----- SUPPLIED MATERIAL -----

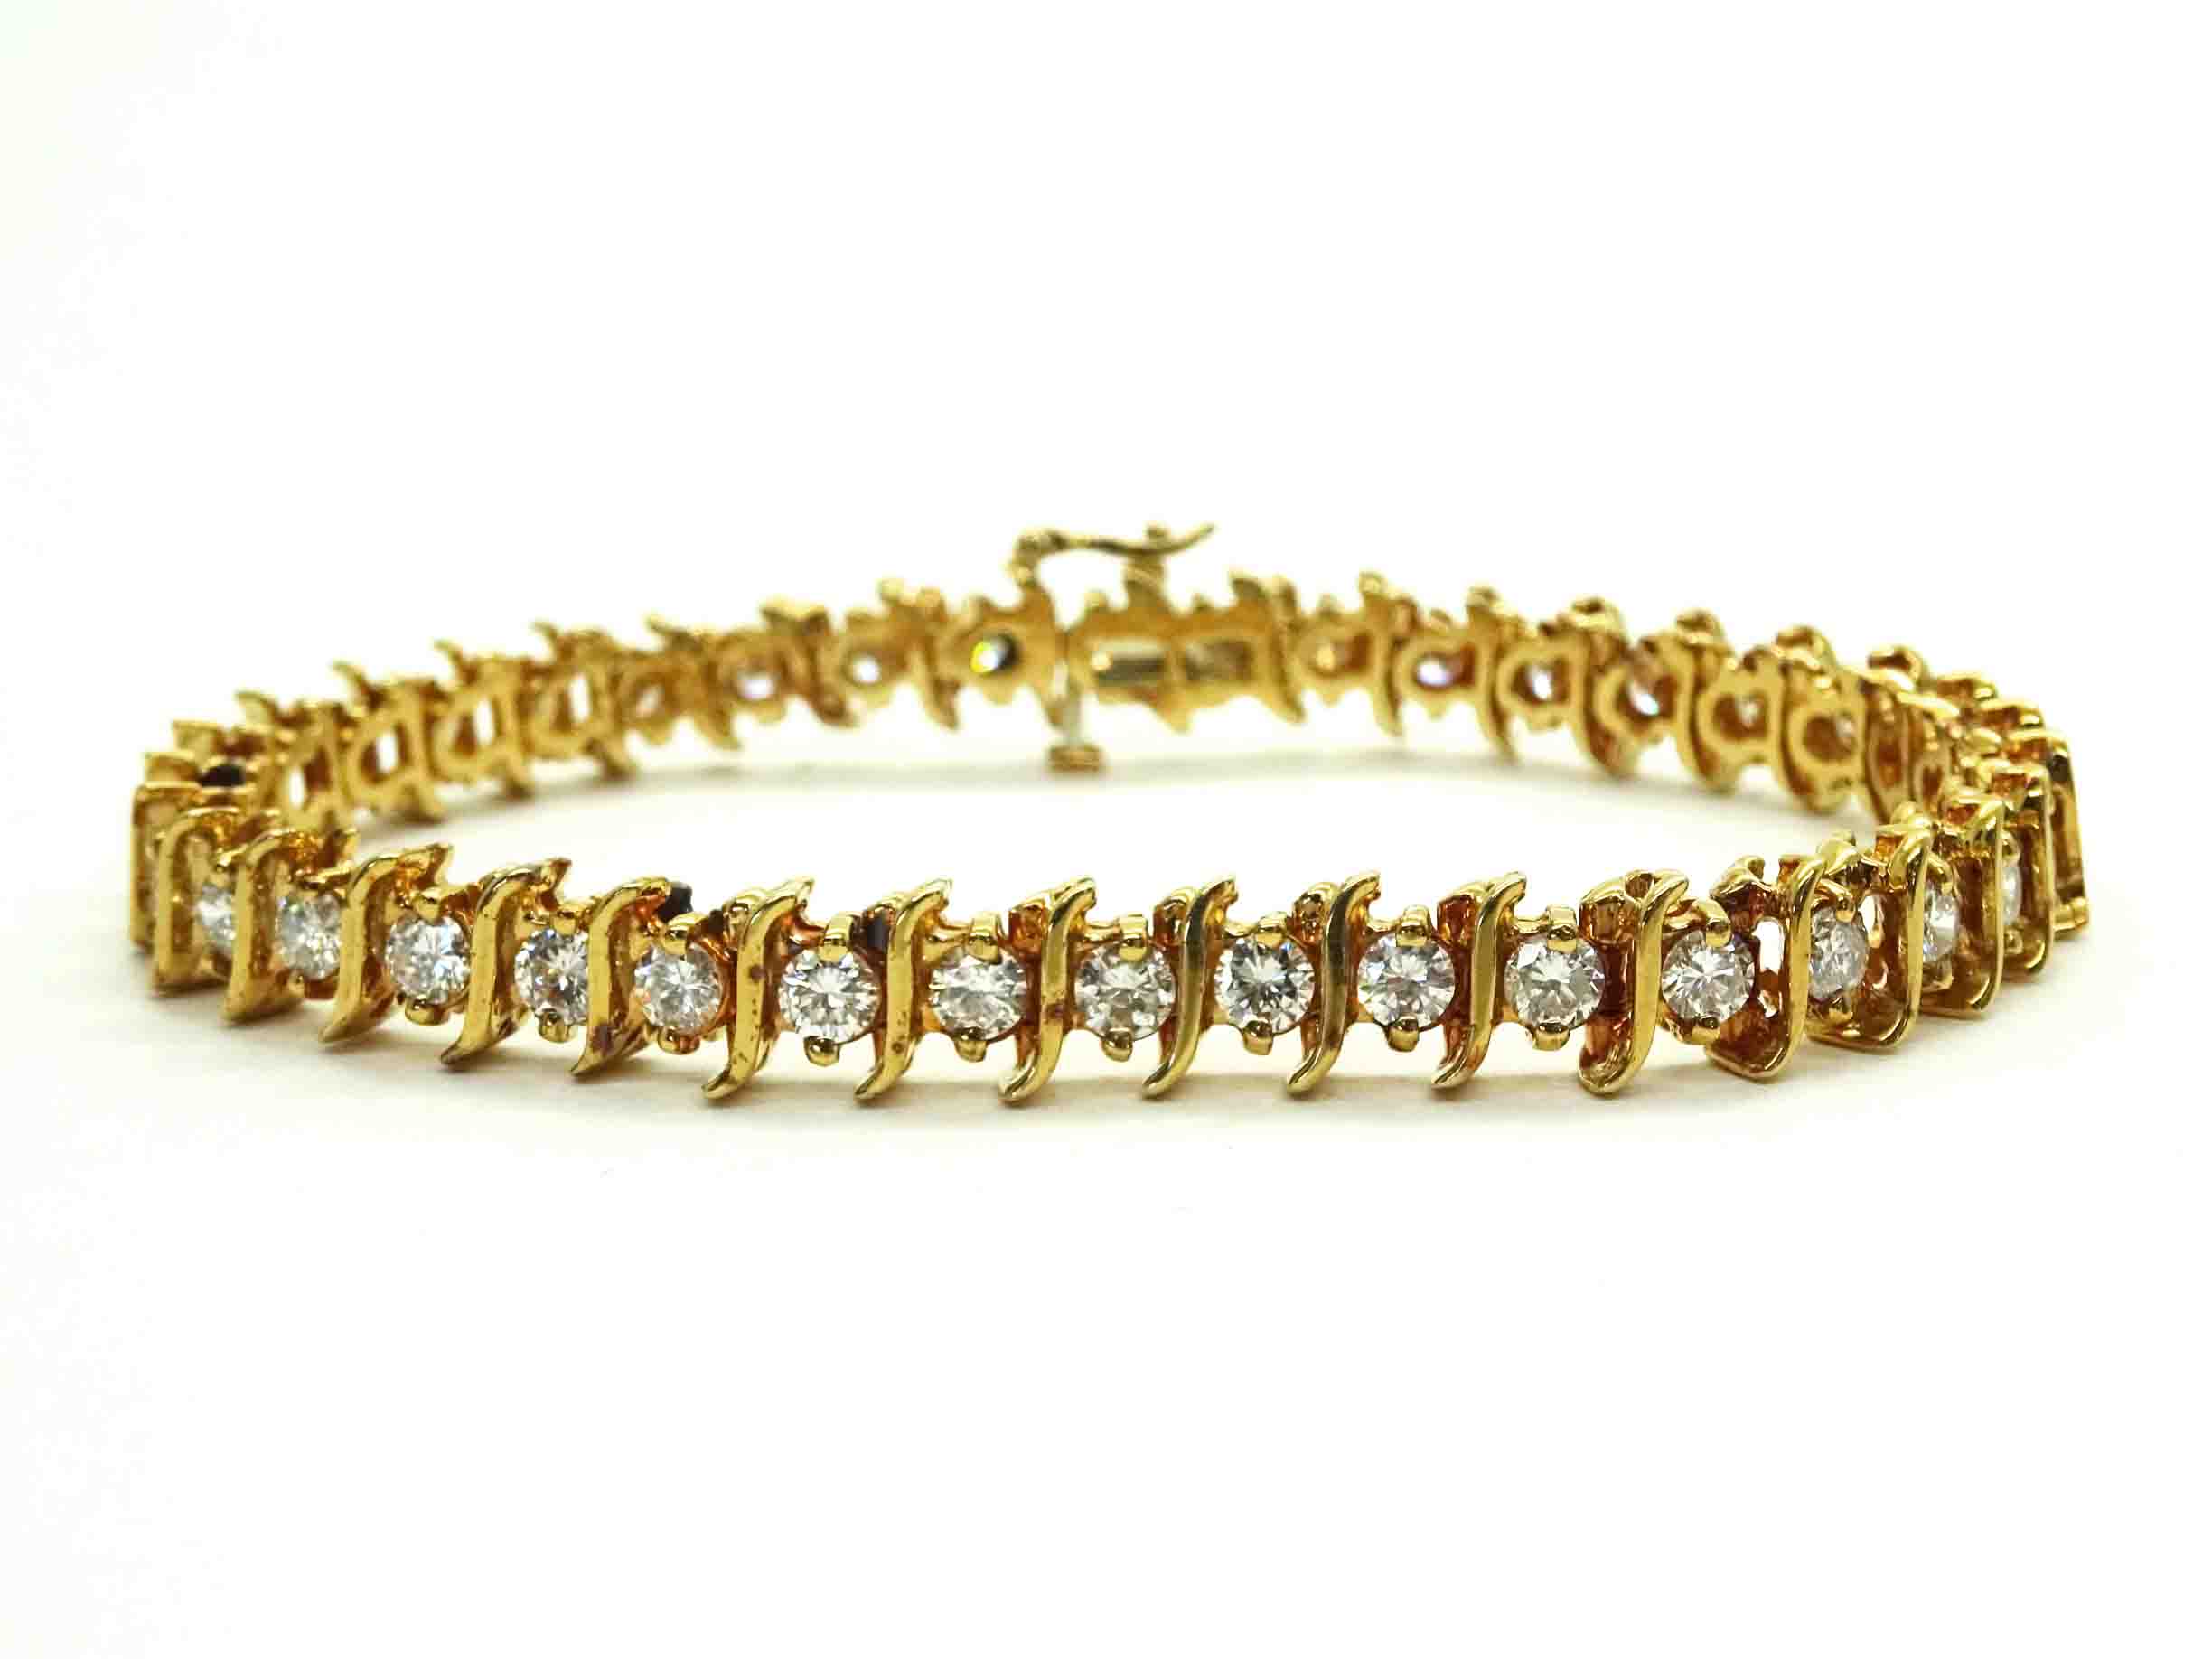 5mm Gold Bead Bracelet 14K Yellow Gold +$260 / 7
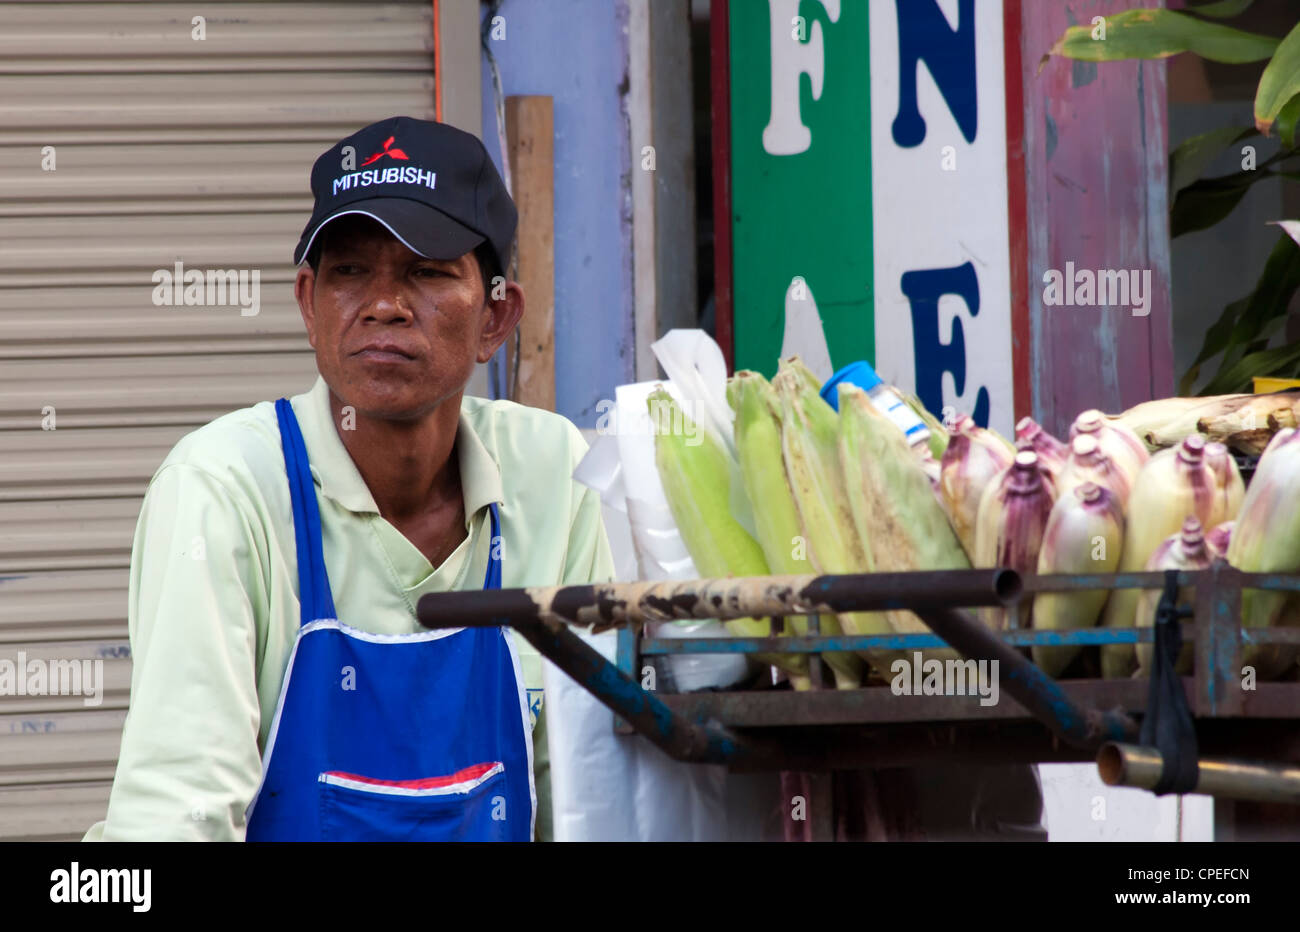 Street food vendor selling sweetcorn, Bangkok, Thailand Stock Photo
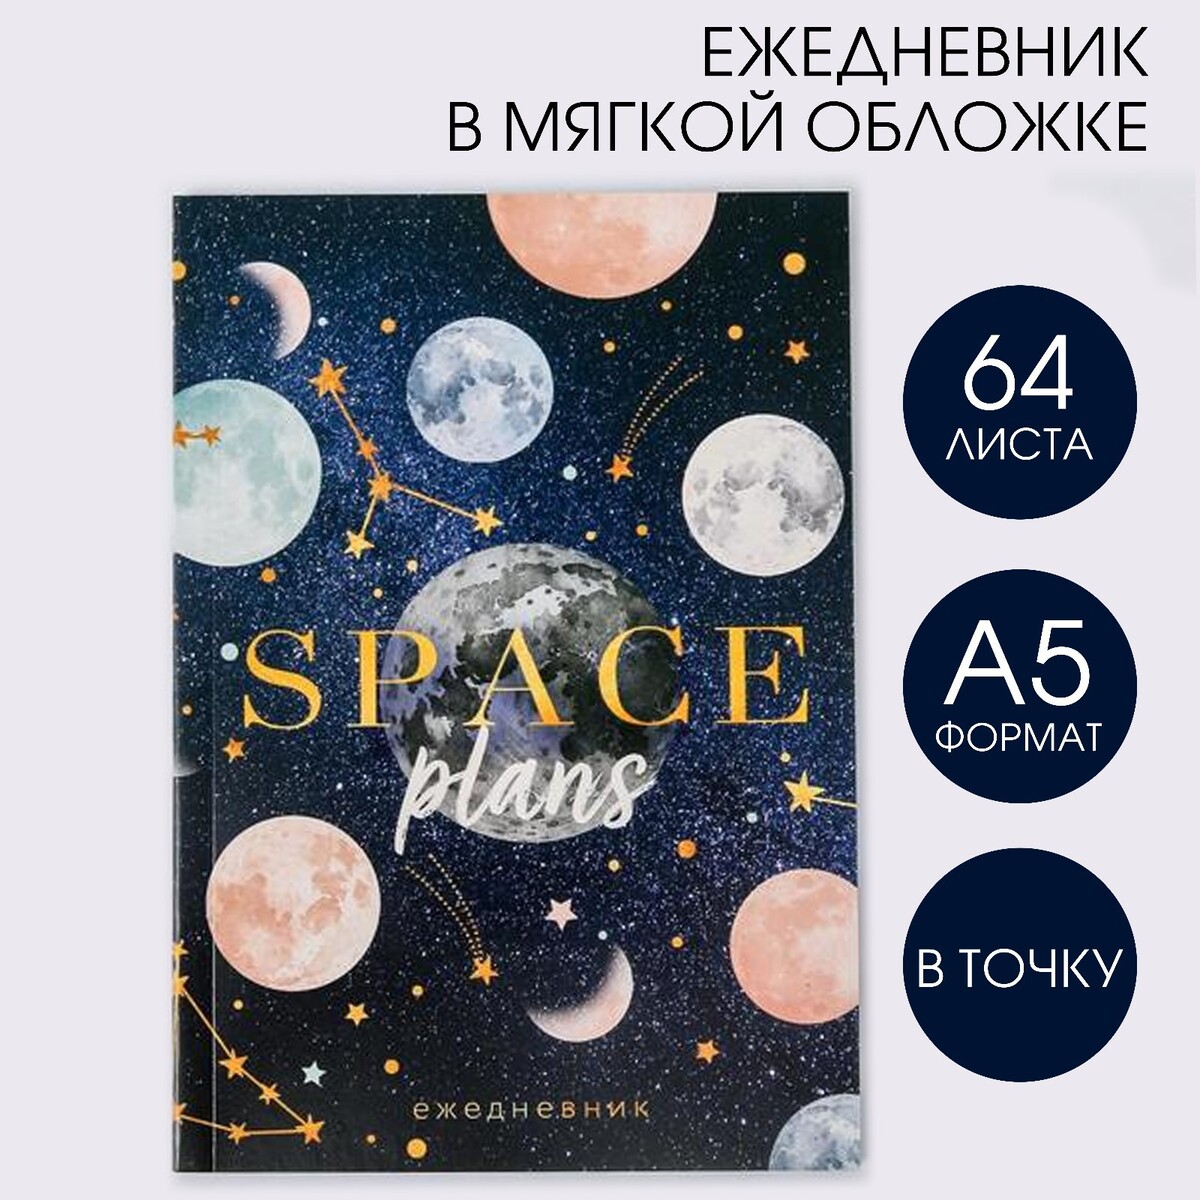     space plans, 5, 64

-----

TASK DETAILS
Every line above must appear in the answer unchanged, and no picture may appear in it.

WRITTEN ANSWER
 5mm Gold Bead Bracelet 14K Yellow Gold +$260 / 7
 Street food vendor selling sweetcorn, Bangkok, Thailand Stock Photo
     space plans, 5, 64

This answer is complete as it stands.